Inquiet de voir les mouvements antimasques contrecarrer les efforts jusqu’ici déployés pour freiner la pandémie, le gouvernement provincial voulait lancer, à la fin du mois de septembre, une campagne anticomplotisme spécialement destinée à l’auditoire de Radio X à Québec. Après le refus de la station de diffuser ces publicités, de nombreuses voix se sont élevées pour dénoncer la chaîne.

Toutefois, si on se base sur la littérature qui traite du sujet, on peut penser que le ton adopté dans ces annonces aurait de toute façon causé leur échec, de même que le contenu des messages qui était apparemment fondé sur une faible compréhension des publics visés (le pluriel étant utilisé ici intentionnellement pour marquer l’hétérogénéité des groupes que l’on désire atteindre).

Rappelons avant tout une nuance que l’on ne martèle peut-être pas suffisamment, à savoir qu’il existe une différence fondamentale entre ce que l’on désigne comme la « mentalité conspirationniste » et la combinaison de méfiance et de déni qui pousse parfois des individus à se laisser séduire par une théorie de complot. Particulièrement pertinente dans le cadre d’une campagne de communication, cette distinction concerne le rapport à la connaissance. En effet, alors que le complotiste est, par définition, complètement imperméable à toute tentative de persuasion, le simple adepte sera beaucoup plus ouvert à la discussion, ne demandant parfois même qu’à être mieux informé, à condition qu’on s’adresse à lui correctement.

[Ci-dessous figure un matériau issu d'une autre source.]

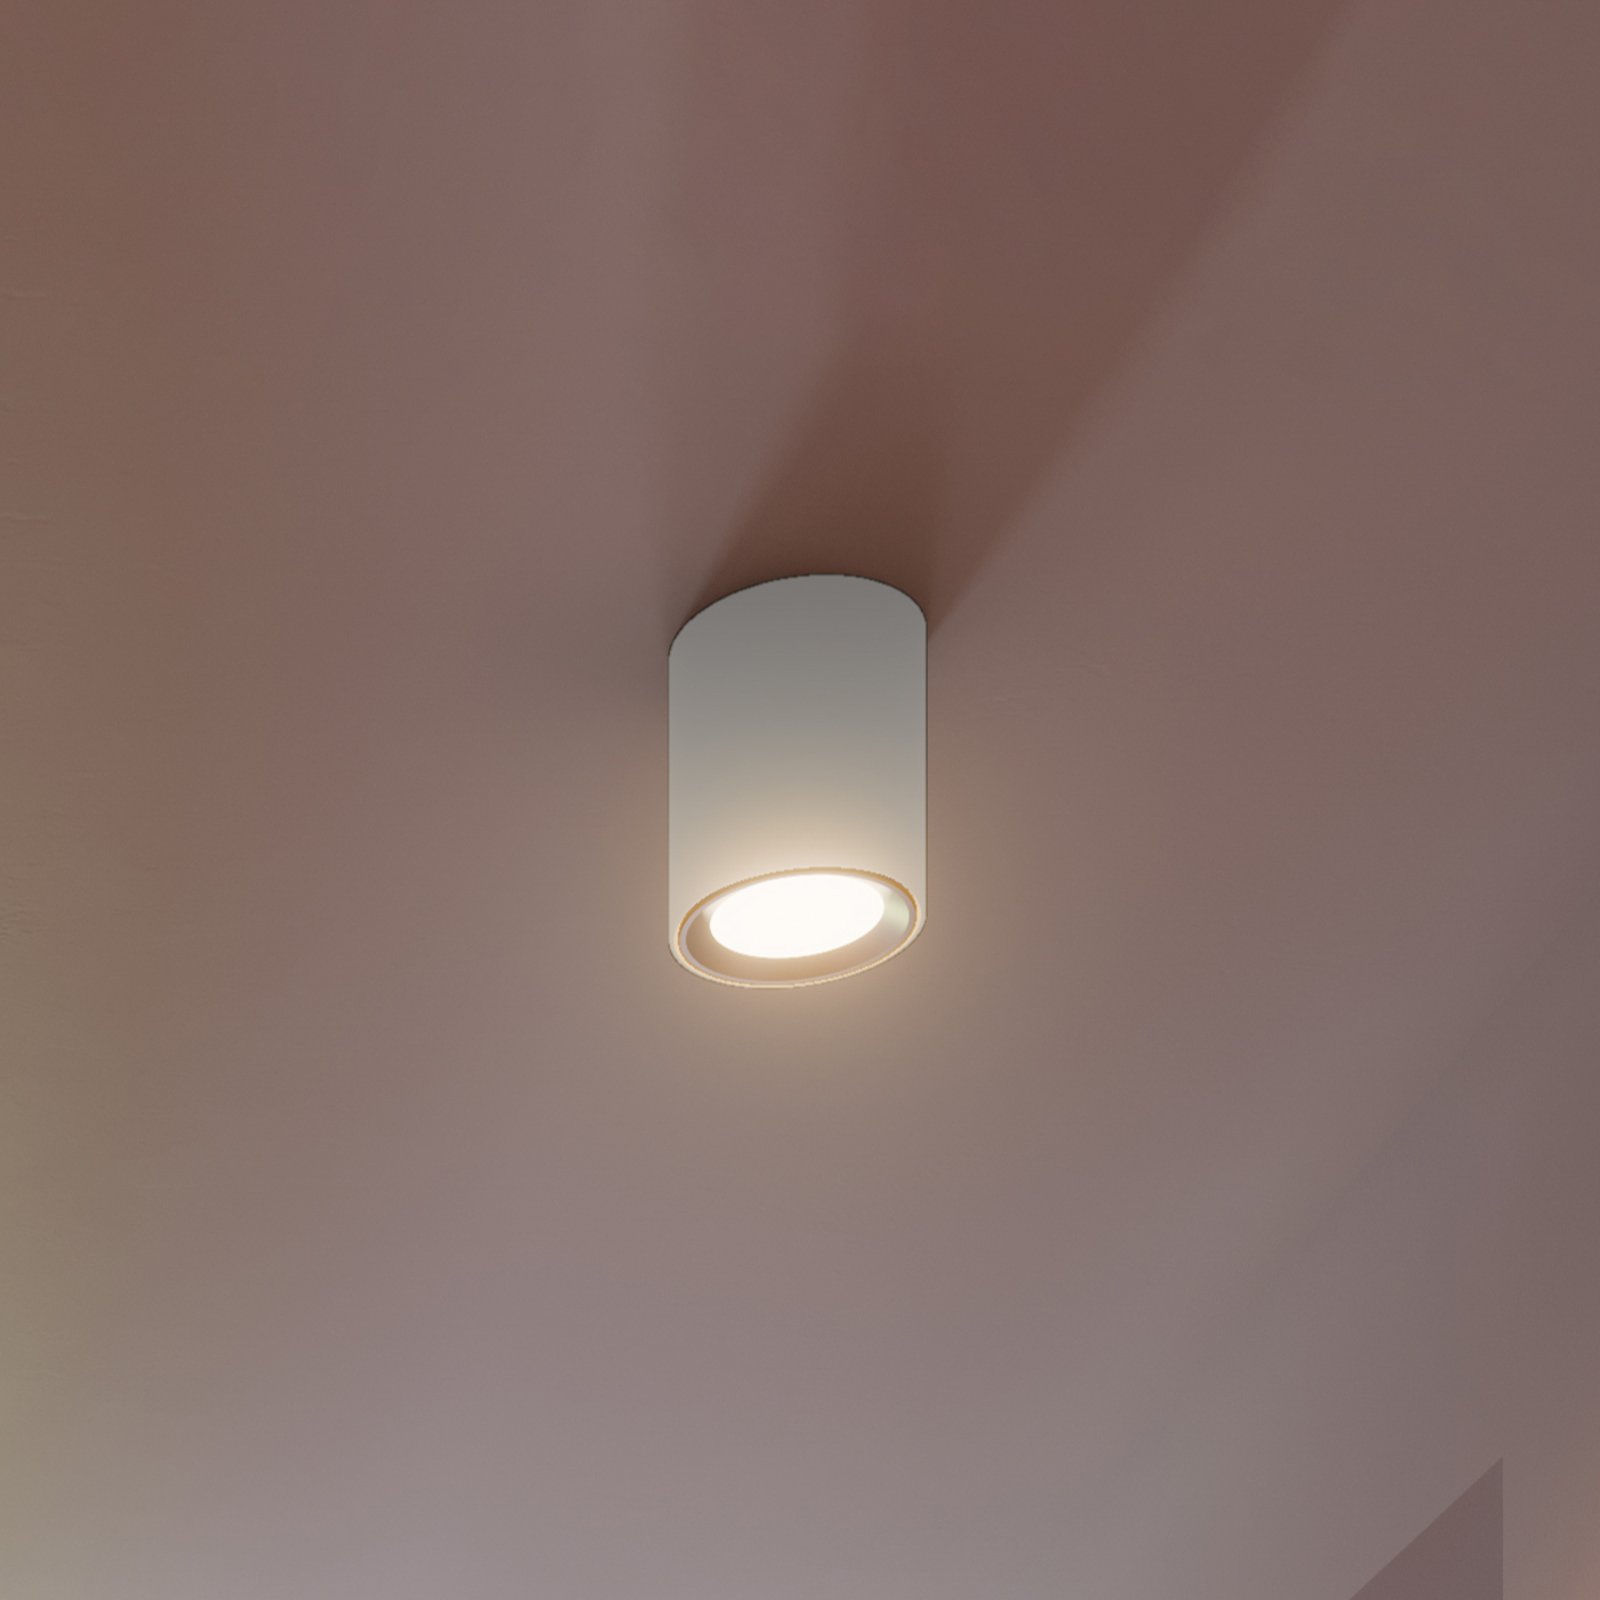 LED-Deckenspot Landon Smart, weiß, Höhe 14 cm

Pour bien comprendre l’argument, il est utile de s’attarder un peu sur la mentalité conspirationniste. En réalité, chaque théorie de complot qui voit le jour se fonde sur une seule et même croyance de base qui suppose qu’un petit groupe d’individus puissants se soit approprié la « marche du monde » et que ces derniers se coordonnent en secret pour éviter que les citoyens s’en aperçoivent. Dans cet univers, les institutions démocratiques et les médias traditionnels sont considérés comme des complices qui tentent de dissimuler les agissements de cette communauté secrète en construisant un discours destiné à faire accepter une fausse interprétation de la réalité. Le but du complotiste est alors de trouver la vérité qui se cache derrière les faux discours et, à terme, de renverser le système. Dans sa quête de véracité, il rejette automatiquement toute communication provenant des institutions traditionnelles, qu’il considère inévitablement comme faisant partie du complot. Ainsi, aucun contre-argument ne pourra jamais atteindre un vrai complotiste.

Empathie

Fort heureusement, ce petit groupe d’irréductibles représente moins de 10 % de la population, et aucune étude en profondeur n’a jusqu’ici pu démontrer qu’il aurait pris de l’ampleur. Ce que les recherches récentes semblent indiquer par contre, c’est une augmentation de la méfiance envers les autorités. Face à un ennemi invisible, un virus que très peu ont même expérimenté dans leur réalité quotidienne, dans un contexte où la vie entière est chamboulée, en même temps que la perception de contrôle, et à un moment où les autorités multiplient les restrictions sans toujours se soucier de la cohérence ou de la clarté du message, le sentiment d’impuissance semble avoir conduit plusieurs citoyens au doute, puis au rejet. Or, bien que les positions parfois extrêmes adoptées par certains pour exprimer ces doutes soient, avouons-le, franchement irritantes, il est utile de se rappeler que celles-ci cachent souvent de la détresse. Et, pour s’adresser à la détresse, l’empathie est toujours plus efficace que l’arrogance.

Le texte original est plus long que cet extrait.